В отличие от мятежников, индейцы — коварные и неуловимые враги. Их воины выбирают время и место сражения по своему усмотрению и никогда не ведут боя по канонам военного искусства, а прибегают к хитростям и действуют обычно с расстояния (кроме тех случаев, когда они вылезают вперед, чтобы совершить деяние славы или снять скальп с павших бледнолицых), а потом они бросаются наутек, часто бегут, чтобы спрятаться за юбками своих женщин и погремушками своих детей в деревнях. И потому единственная возможность для кавалерии застать их врасплох и заставить воинов сражаться — это напасть на деревню, в особенности рано утром, сразу после восхода солнца. Как это случилось во время сражения на Вашита-ривер.[60]
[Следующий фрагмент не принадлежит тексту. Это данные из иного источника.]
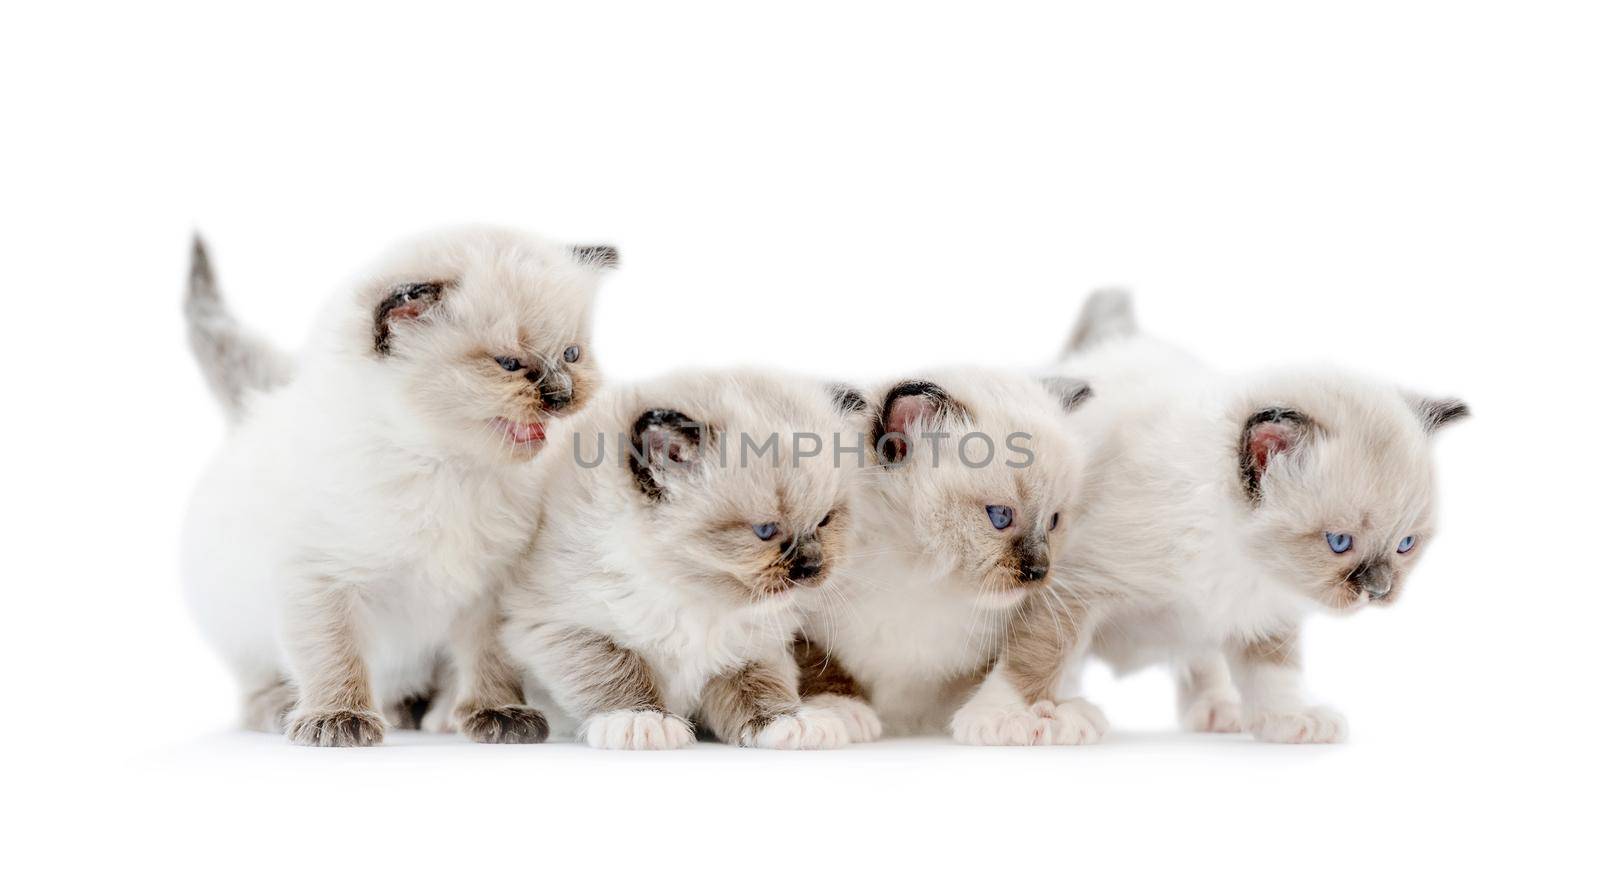 Four ragdoll kittens isolated on white background with copyspace. Domestic fluffy purebred kitty pets standing together

Эти воины, главным образом шайенны, в тот кровавый 1868 год выходили с индейской территории и из Техаса на юге, совершая налеты на Канзас. В ноябре генерал Шеридан показал мне список потерь: сто десять белых убито, тринадцать женщин изнасиловано, угнано более тысячи голов скота, сожжено и ограблено бесчисленное количество жилищ поселенцев. Канзасцы воспринимали эти изнасилования, грабежи и убийства как личное оскорбление.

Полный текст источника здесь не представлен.